Observatório. 12 de Abril de 1980...
«Como são os teus amigos extraterrestres, Mário?»
«Olha... morfologia cerebroide, muito evoluídos, lógicos nas relações que estabelecem entre si e os interlocutores alheios à sua raça. Não conhecem a emotividade.»
«Fisiologicamente comparáveis a polvos?»
«Nunca os vi, dado que estiveram sempre invisíveis. Uma mulher-androide servia de intermediária.»
« Porquê uma mulher?»
«Escolheram uma mulher por uma razão muito simples, Tomás. Sondaram-me o cérebro e descodificaram todo o “filme” da minha vida gravado na memória.»
«Eles estão certos. O subconsciente de cada de cada tem gravado tudo o que aconteceu ao longo da sua vida? É possível fazerem-se regressões em pacientes com traumas diversos até que seja descoberto o porquê ilógico de uma reação ou incapacidade psicológica para resolver um problema insignificante, por exemplo, os medos das crianças que não dormem sem uma luz acesa. Isso tem uma razão. As regressões podem fazer-se até ao tempo do feto no útero materno protetor. Sabes como se chama a ciência que se debruça sobre esses fenómenos?»
«Por acaso não.»
«Dianética. Não é qualquer curioso que faz auditorias. Espero que eles tenham feito um bom trabalho. Até onde recuaram?»

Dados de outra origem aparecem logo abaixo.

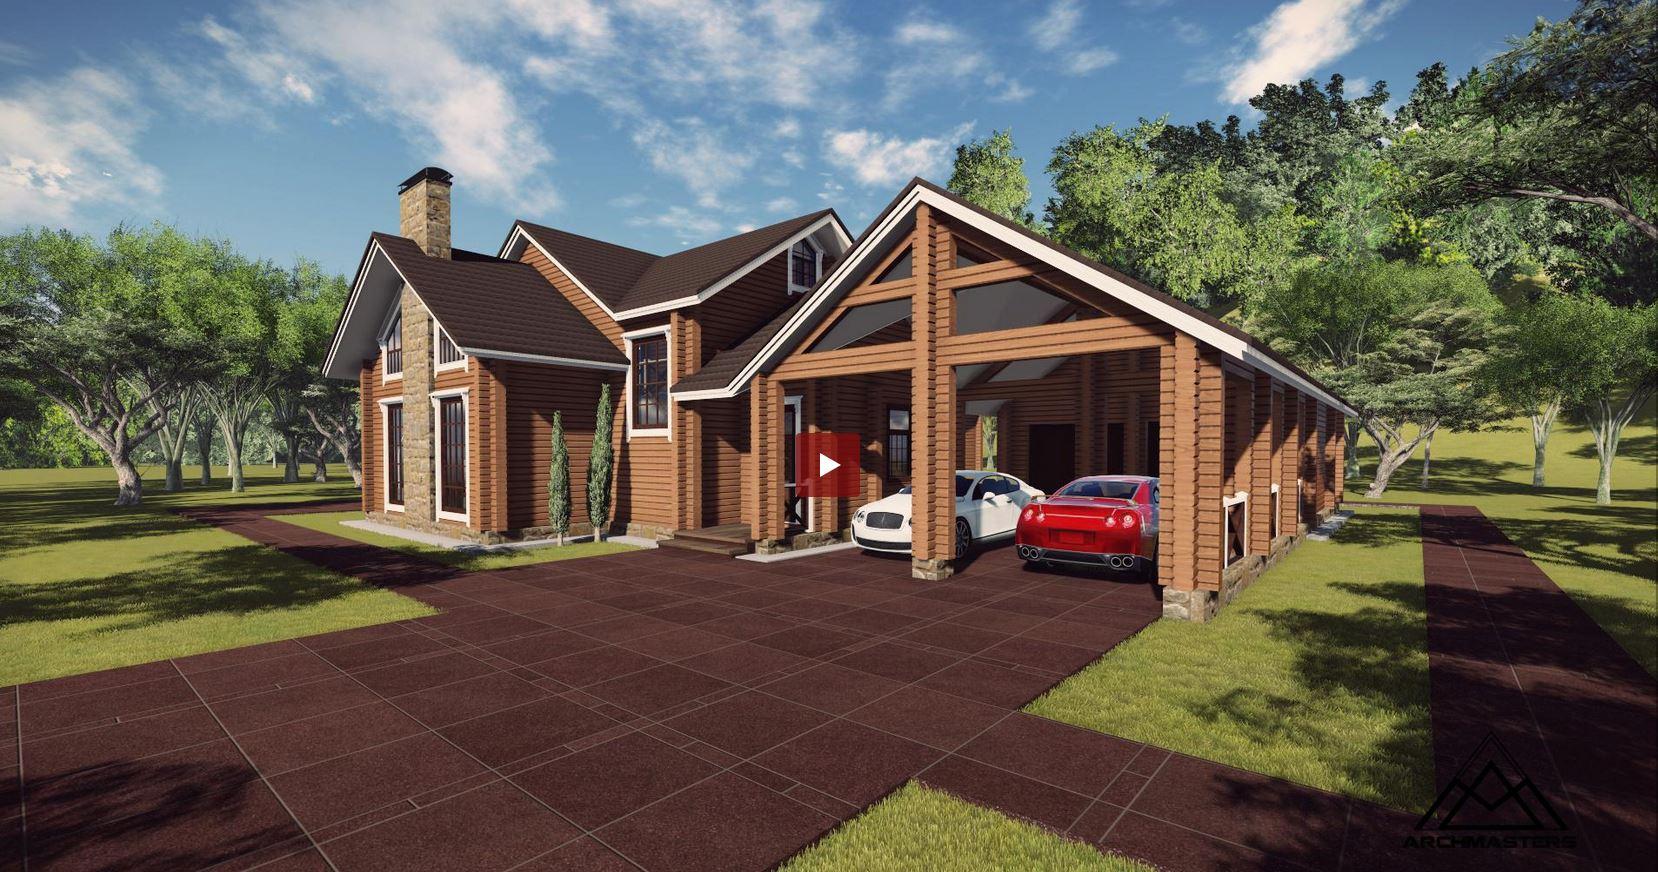 Проектирование коттеджей в Новосибирске - проект дачного дома в комплексе с баней и гаражом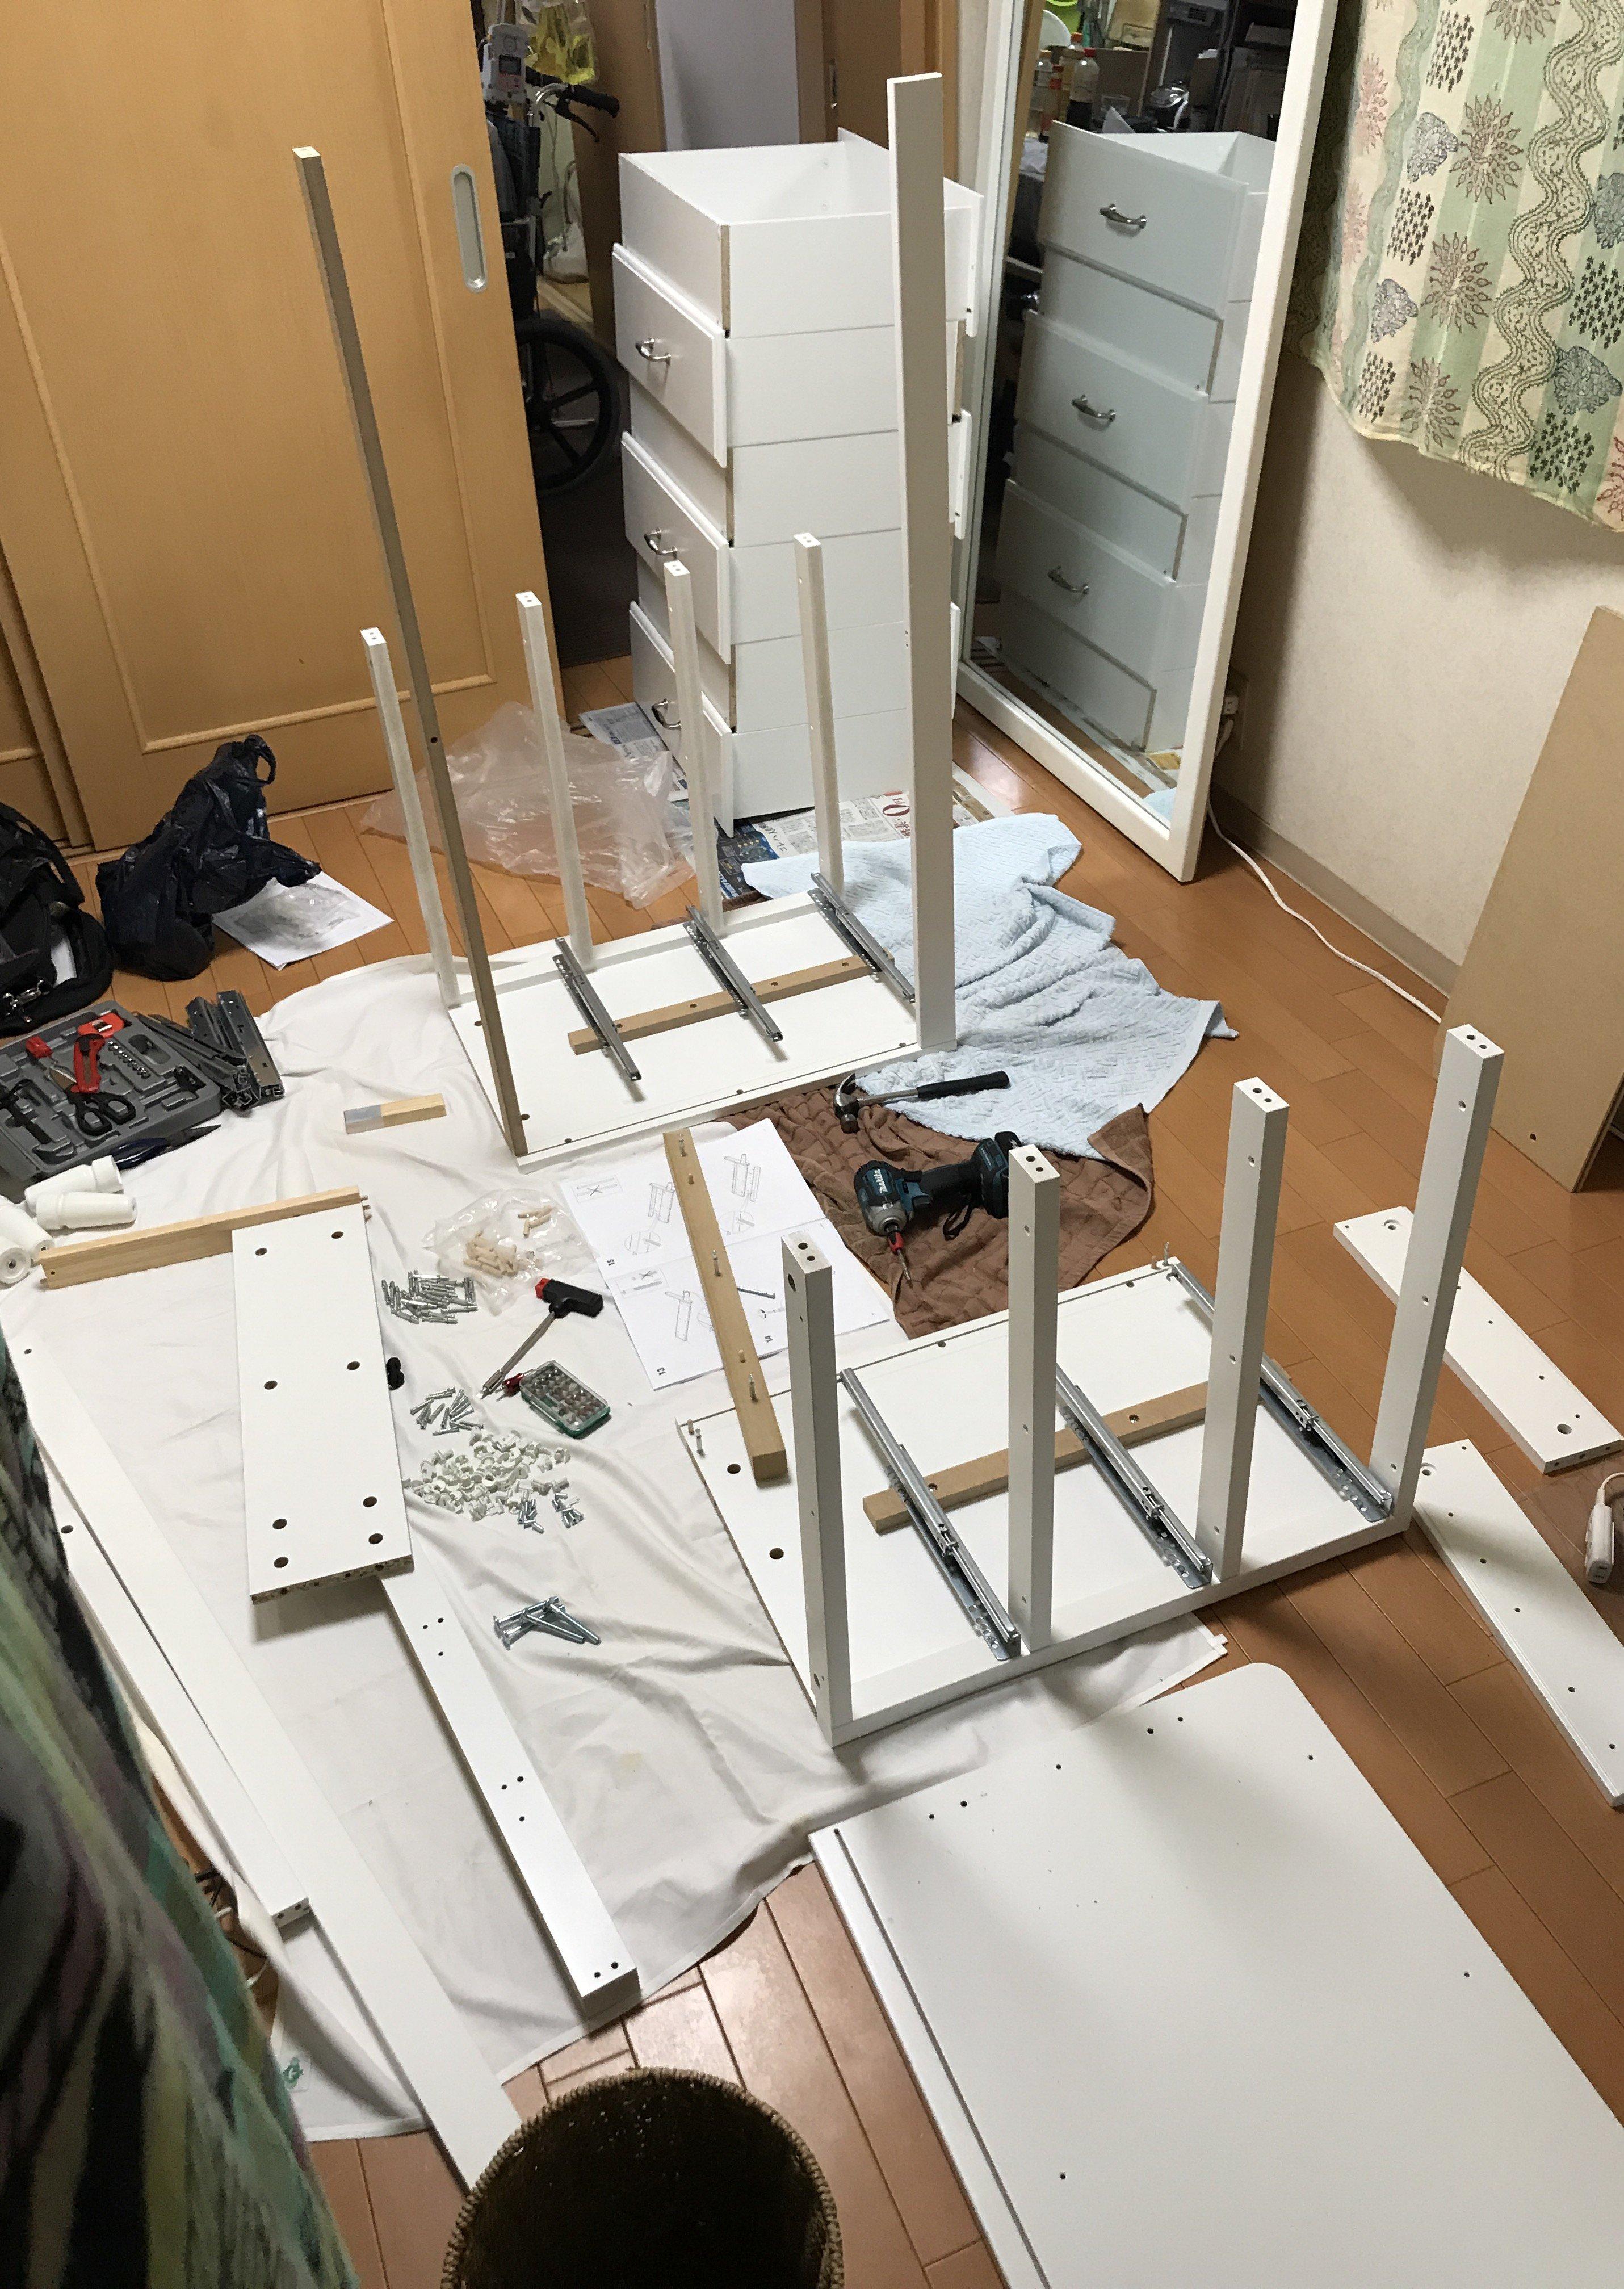 家具組み立てサービス 3辺合計 401~500センチ または 複数 1時間以内(通販家具:IKEA、ニッセン、ニトリ、ディノス、その他)のイメージその4

«Até onde quiseram, penso. Dei comigo frente a frente com uma mulher que parecia pertencer ao meu passado. Fizeram-na, com toda a perfeição, à imagem dessa mulher. Como Deus criou o homem e depois a mulher. Quase fui enganado.»
«Portanto, jogaram contigo.»
«Pois foi. E queriam levar-me com eles.»
«Porquê?»
Claro que omiti a resposta, encolhendo os ombros. O caso dos portais era assunto que considerava tabu.
«Nunca pensaste que podes ter acordado de um sonho? Vê bem se estás enganado.»
«Sim, foi um sonho que tive no espaço. Um sonho agradável que se transformou em pesadelo. Não sei se já te disse que os meus amigos viram-me desaparecer no interior do ovni e depois regressar do espaço. Sendo assim, também eles tiveram esse pesadelo. Terás oportunidade de perguntar-lhes.»
«Desculpa, eu queria só ter a certeza. Volto a insistir: o que te disseram eles sobre o Sol?»
«O mesmo que acabámos de ver pelo telescópio. Que se prepara uma gigantesca explosão.» 
Omiti o resto que se relacionava com uma gigantesca explosão.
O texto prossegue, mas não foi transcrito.